Mental publik terkondisi jadi jembar atine (legawa) dan jembar pikirane (berwawasan), luas koyo segoro (seluas samudera). Ya. Kondisi inilah yang kini dapat dirasakan bersama. Beragam upaya senyap untuk membenturkan sesama anak bangsa di akar rumput, misalnya, disikapi secara bijak dan waspada. Masyarakat tak mudah terpancing. Paling cuma heboh di medsos. Ngedumel. Perang narasi mungkin, atau saling bully, ilok-ilokan dan seterusnya tidak sampai clash (benturan) fisik. Sikap dan mindset publik ini wajib diapresiasi oleh negara cq pemerintah selaku pengelola negara dan pemangku kepentingan lain.
Pengalaman telah membuat sebagian masyarakat, selain memiliki daya tahan, daya cegah, juga mempunyai daya lawan/tangkal terhadap apa yang disebut embrio konflik dan faktor pemantiknya. Mengapa begitu, bahwa kebhinekaan (tunggal ika) di Bumi Pertiwi merupakan realitas yang relatif lestari di satu sisi, tetapi bagi entitas (?) penganut mazhab könflik, realitas tersebut justru dianggap tumpukan jerami kering sekali terpecik api konflik pun bakal berkobar di sisi lain.

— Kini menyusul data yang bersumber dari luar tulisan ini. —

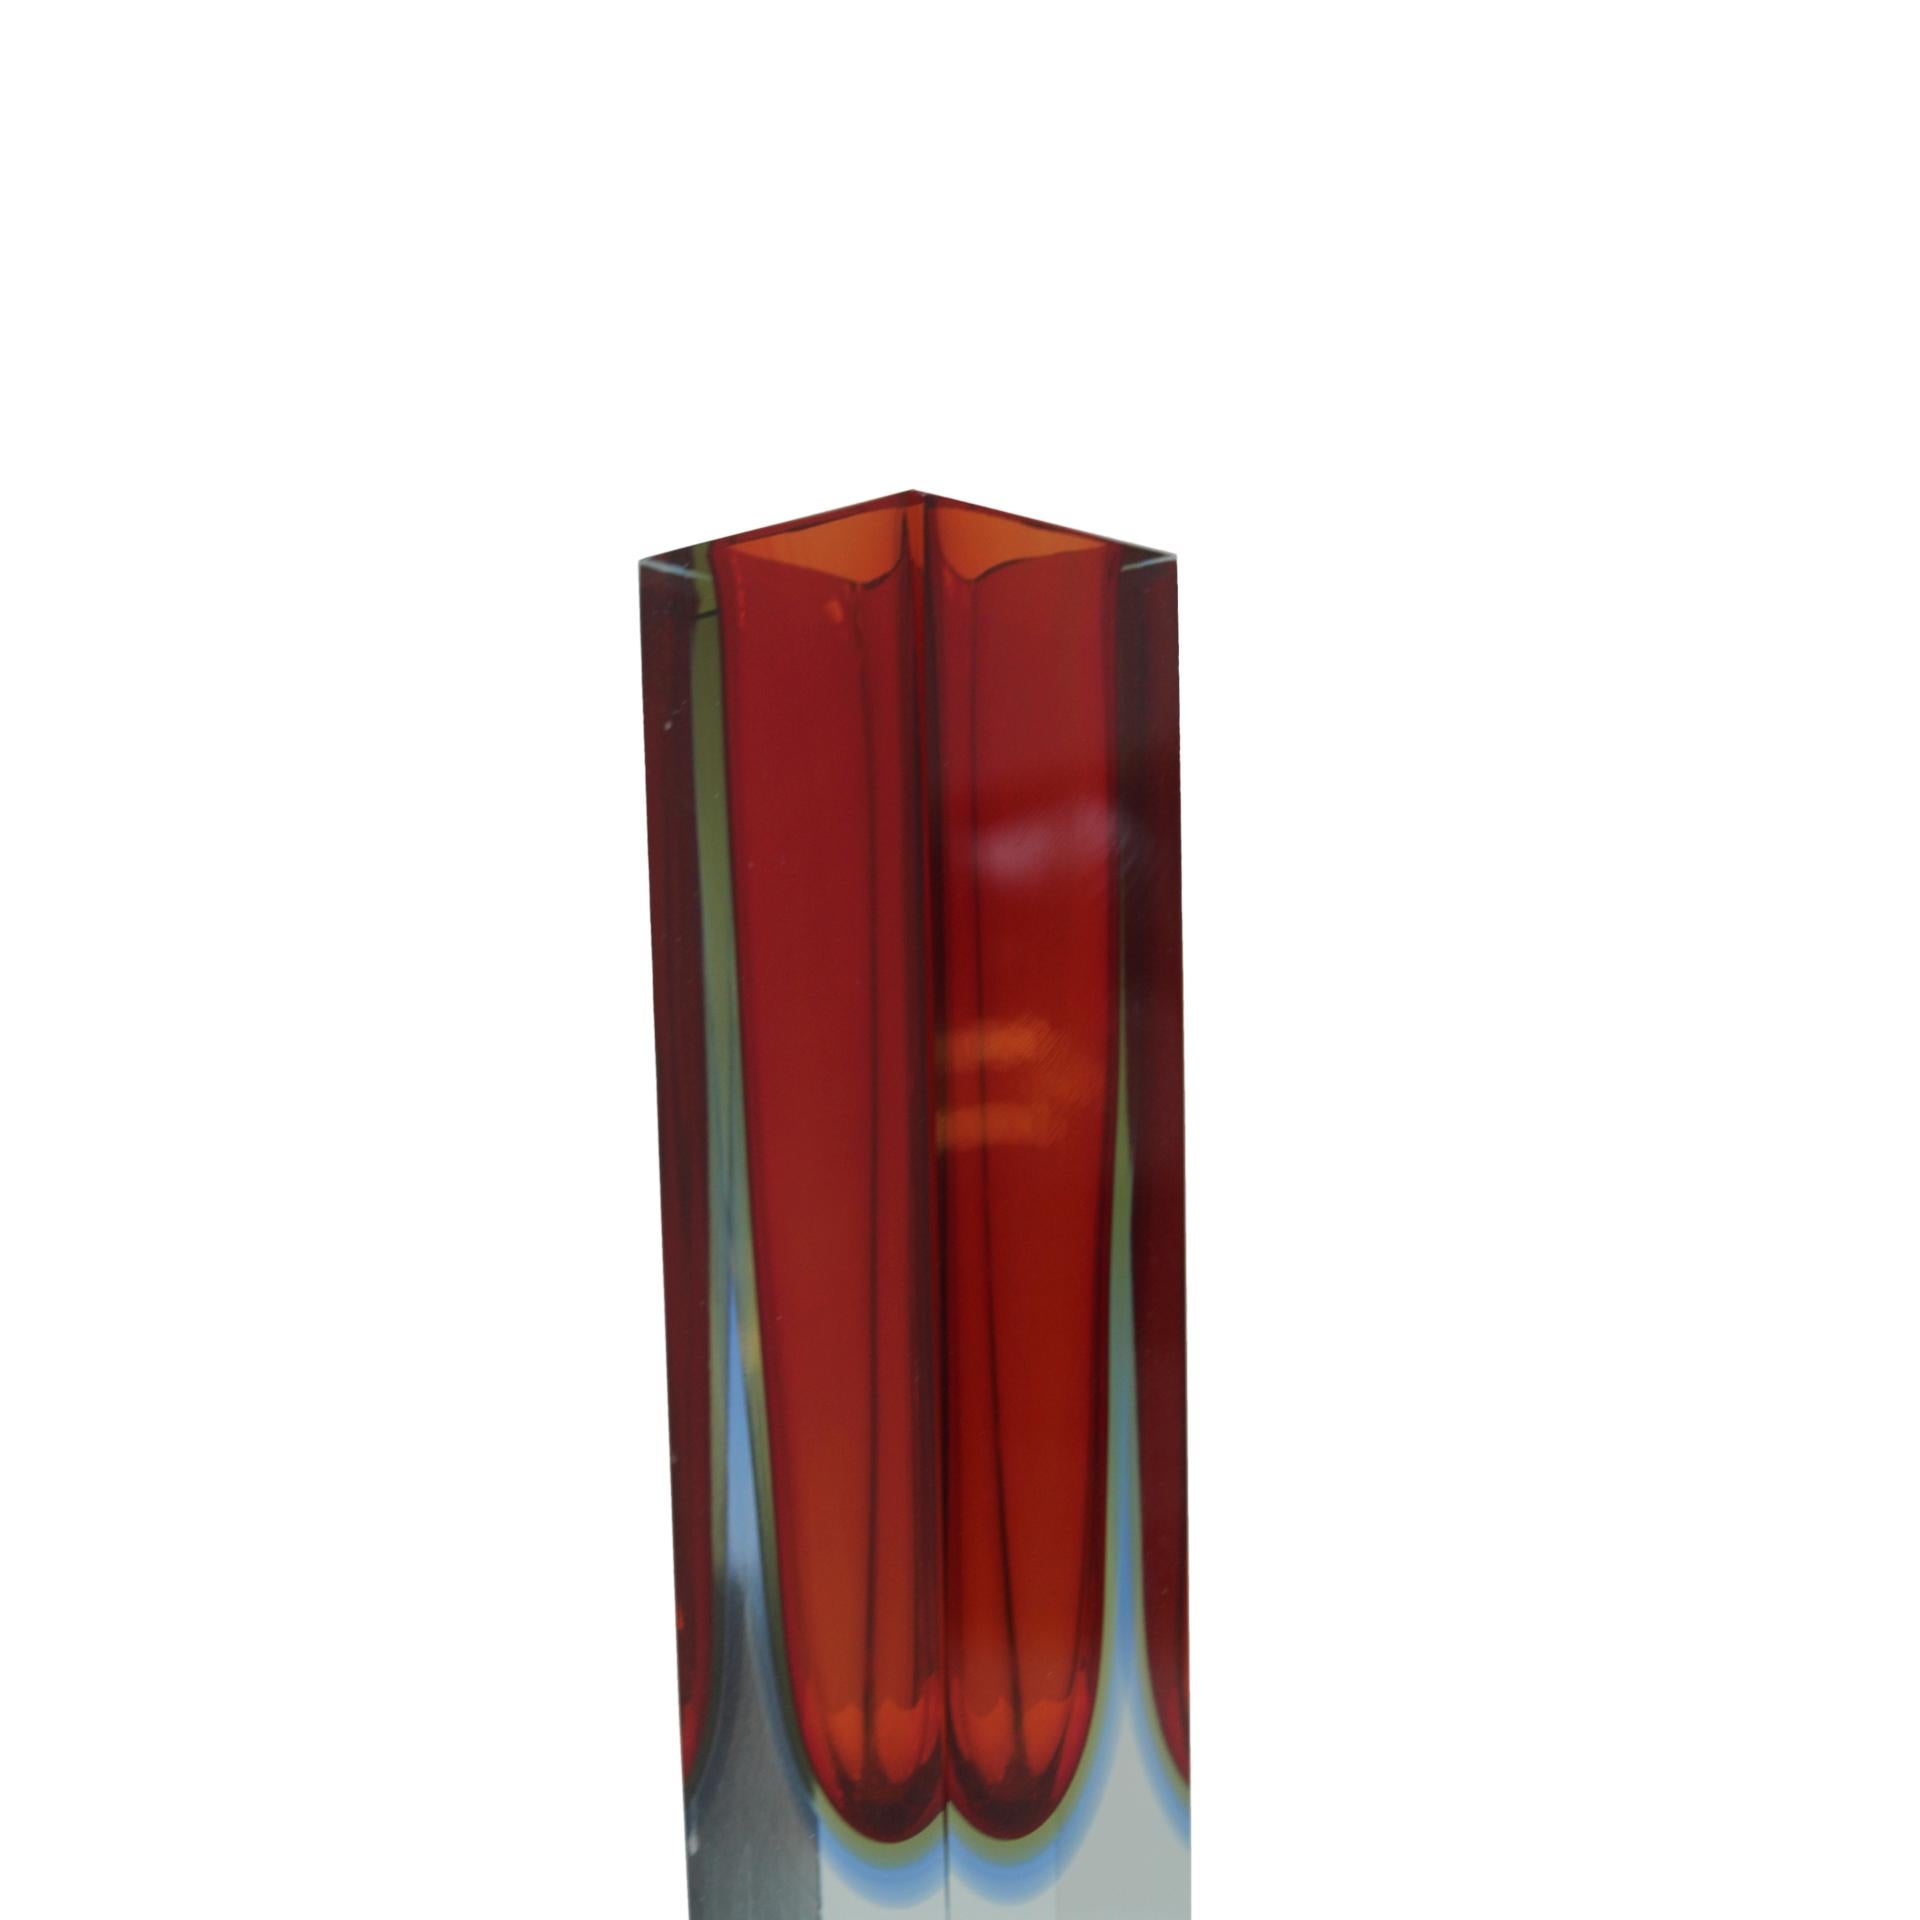 20th Century Mid-Century Modern Red and Blue Sommerso Murano Glass Vase by Flavio Poli 1950 For Sale

Artinya, saking berseraknya embrio konflik maka seolah ia bisa diletus kapan saja, dimana saja — sebab faktor kebhinekaan. Misalnya, mau mengeksploitasi sentimen suku, beda afiliasi politik, ataupun isu kultus individu, atau sentimen agama? Tinggal pilah dan pilih.
Harus diakui, tidak sedikit pemantik konflik komunal di Indonesia, akan tetapi toh hingga detik ini bangsa ini masih tetap utuh walau beberapa kali diuji dengan berbagai jenis konflik.
Ya, setelah kasus Ambon dan Sampit mereda, apabila timbul “konflik” di publik, misalnya, tidak lagi sampai meletus (secara fisik) di atas permukaan. Warga jenuh dengan situasi konflik.
Hidup jadi serba terbatas, gaduh lagi mencekam. Ke sana-sini susah. Selain itu, mungkin juga faktor era revolusi industri 4.0 membuat konflik terisolasi hanya di media. Ngomel, atau saling ejek dan lain-lain. Inilah salah satu nilai manfaat/positif secara geopolitik akibat bangsa ini kerap didera berbagai konflik di masa lalu.
Sebenarnya masih banyak sisi positif lain, seperti toleransi yang kian tinggi, tebalnya solidaritas lintas etnis dan agama, atau rekatnya keakraban antar-ras, dan lain-lain.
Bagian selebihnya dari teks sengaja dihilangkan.